Not to be found in any Methods section

On 27th April Ernö Teglas, Chris, Agnes Melinda Kovacs and I met up at the most OTT coffeehouse in Budapest, the New York. The décor puts you into Rococo mood, but the pianist on the upper level suggests a 1920s jazz feeling.We are having outrageous layered coffee Melange with Chili, extravagant New York ice cream cups, pistachio cake, but Chris asks a glass of Furmint and a plate of Mangalica ham.

The conversation quickly turned to how to do experiments with babies. Why do such experiments take forever to complete? What to do with non-replications?

– “But this is the same with any experiments we have ever done!” – Chris quips. “But why do you think your experiments take a long time to complete? Why are you skeptical about non-replications?”

ET: Here is my claim: The success of a baby experiment is decided by how you instruct the parents, how and where they hold their baby.

Instruction is particularly relevant because it is the parents who coordinate the data acquisition.
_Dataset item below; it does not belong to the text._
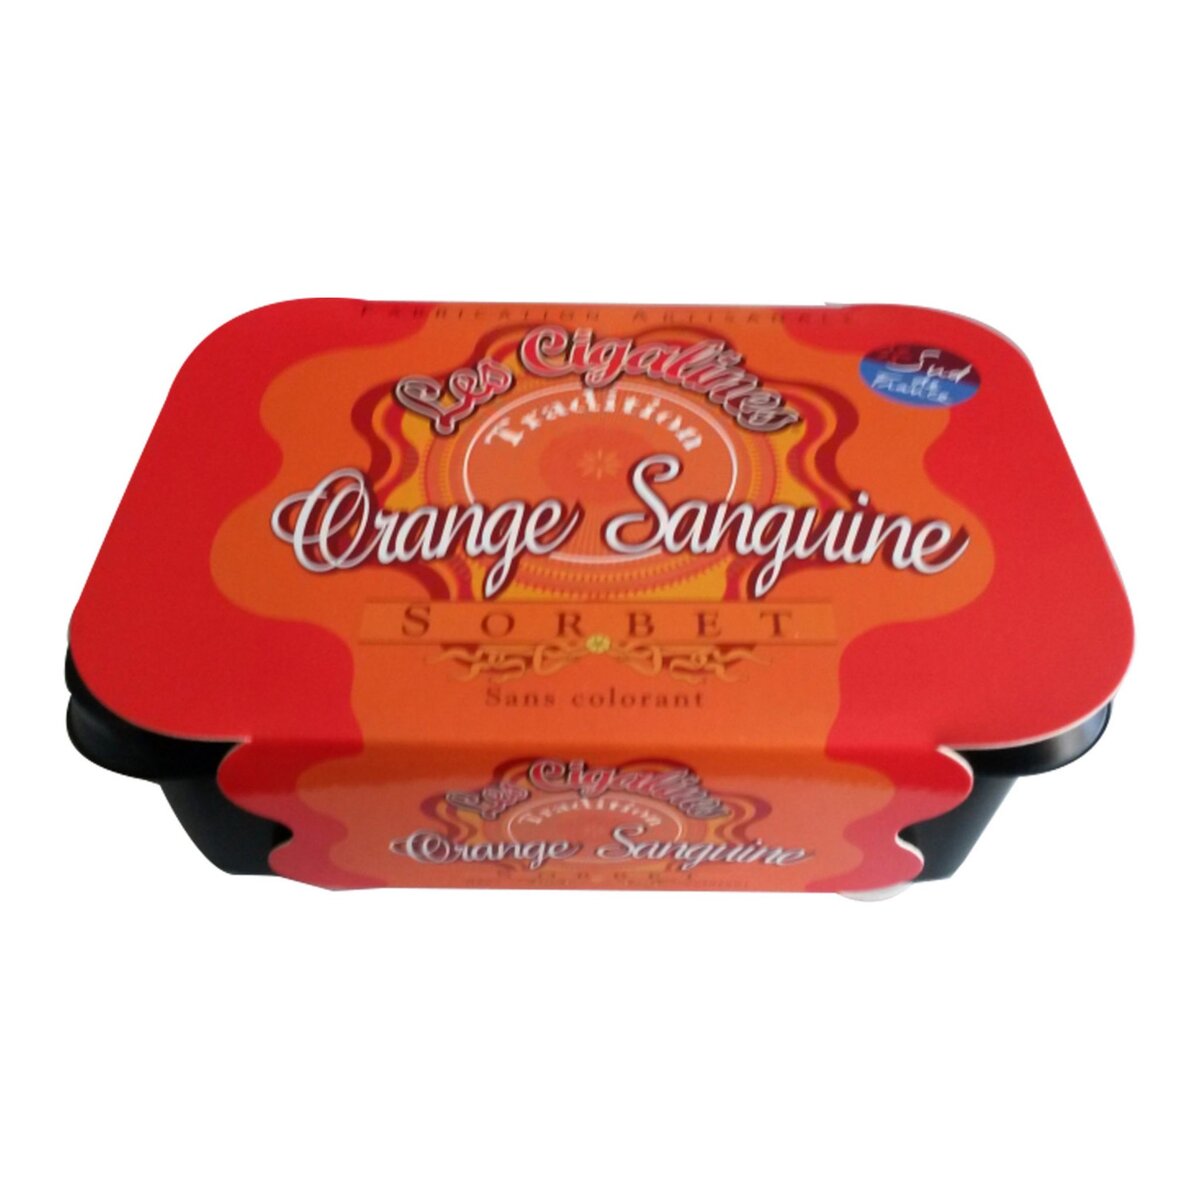 LES CIGALINES Sorbet orange sanguine 580g

Without them these experiments simply cannot happen and they are very willing to help. The problem is that they have no experience with such situations. So, in a short session we have to turn them into “experimenters”. Every detail matters. It may seem surprising, but we really have long debates about how to hold the baby during tests, and what is the optimal position. The way a baby is held makes all the difference to their freedom to move. For example when held just under the arms, the mother may exert more influence on the baby than necessary. Also, the baby can easily slip down just slightly. And then eye gaze slides too. It may no longer be on the target you display on the screen. The hold has to be on the hips of the baby.
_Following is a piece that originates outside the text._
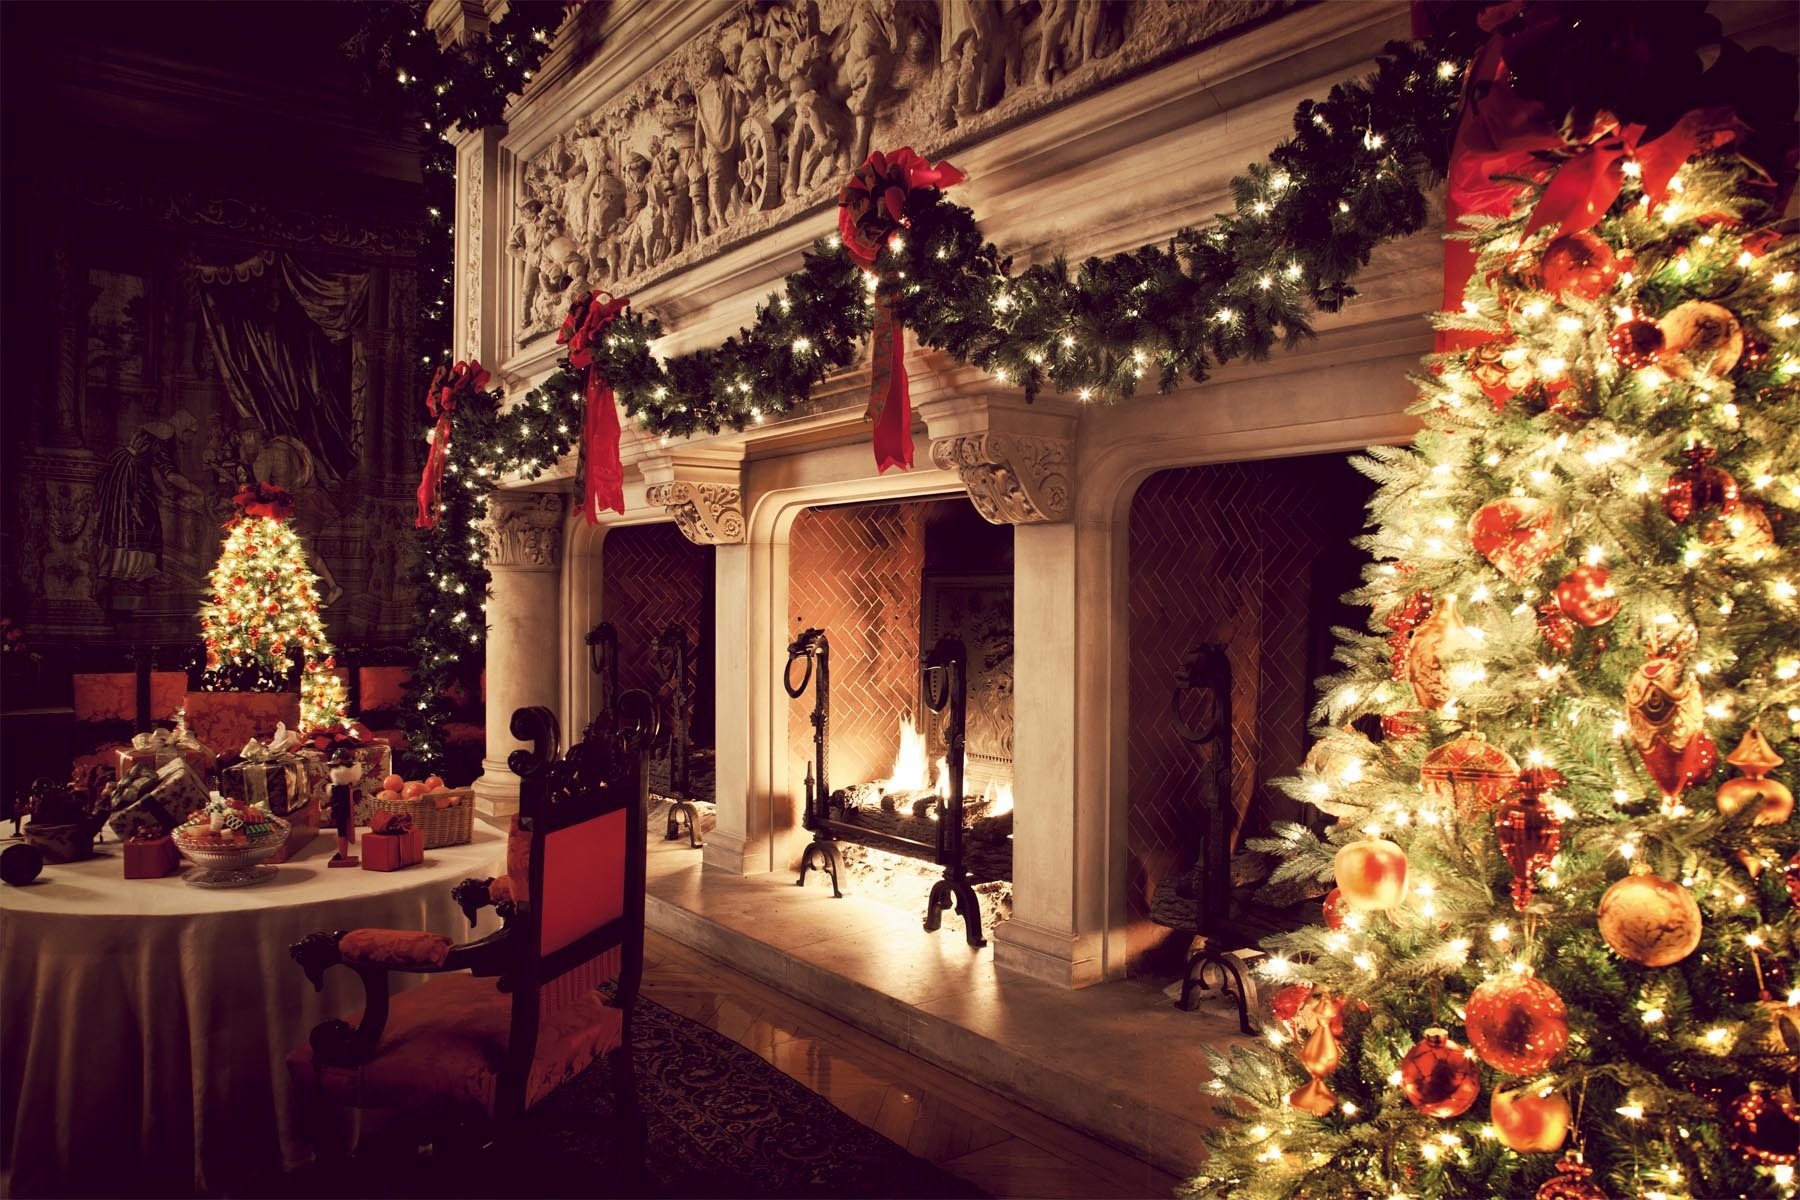 Biltmore Fireplace at Christmas | Skimbaco Lifestyle | online magazine

CF: Experiments stand and fall by how the experimenter instructs the subject.

UF: But isn’t this against the idea that scientific experimentation has to be independent of the experimenter. The whole point is that they can be replicated by somebody else.

CF: Ah, there are critical aspects of instructions, which often don’t get spelled out in methods sections.

ET: The pity is that if a student doing a first experiment fails to replicate a previous result then this throws doubt on the previous finding, when in fact it throws doubt on the student who is still learning and doesn’t yet know how to do the experiment. Only once the student has succeeded in replicating a well known robust finding, can he or she be trusted to do a good job.

CF: When I first worked at the long disbanded MRC Clinical Research Centre, the biochemists (who, mysteriously, later turned into molecular biologists) often said things like: today the reaction just didn’t work. We have to try again.

UF: So it’s not necessarily the sign of an immature and still soft science that you have to be pernickety on exactly how an experiment is carried out. If an experiment doesn’t replicate, there are many possible reasons and does not necessarily mean the previous results are not true.

ET: With infants we basically rely on measuring what they are looking at, and for how long they look at it: they look longer at something that surprises them; they get bored and look away when something is highly predictable to them. However, they also look away when something else attracts their attention; when there is some noise, when they feel uncomfortable for some reason. All this makes us extremely careful to have completely soundproof labs, very relaxed mothers, and babies who have only recently woken up and have been fed before we even start the experiment.

– This was the moment when we found out that the coffee Melange with Chili is actually rather spicy, but the honey that served as a bottom layer softened this feeling. “Overall each ingredient plays a role if their interaction is orchestrated by a hand sensitive to details” says Ernö

UF: Is it true that you often don’t get results that you know we should get?

ET: True! Then we go over every step of the procedure and find possible reasons.

UF: Is it okay to eliminate data when you believe there was a slip in the procedure for one particular baby?

ET: Actually you have to do it. You have to eliminate data all the time. If you don’t you include complete nonsense, when for example an infant no longer looks at the target. You need him/her to look to take notice of the scenario you have devised. We have to eliminate usually 20% of the data, if not more. …of course it depends on the experimental protocol: In habituation studies rejection rate can be as high as 50%. The procedure only lasts a few minutes because babies soon tire of watching a simple scenario on video. Sometimes we can only use a fraction of these few minutes.

UF: It makes me marvel not only at the fact that you are so incredibly scrupulous in your procedure but also that you have so many successes with your ingenious experiments.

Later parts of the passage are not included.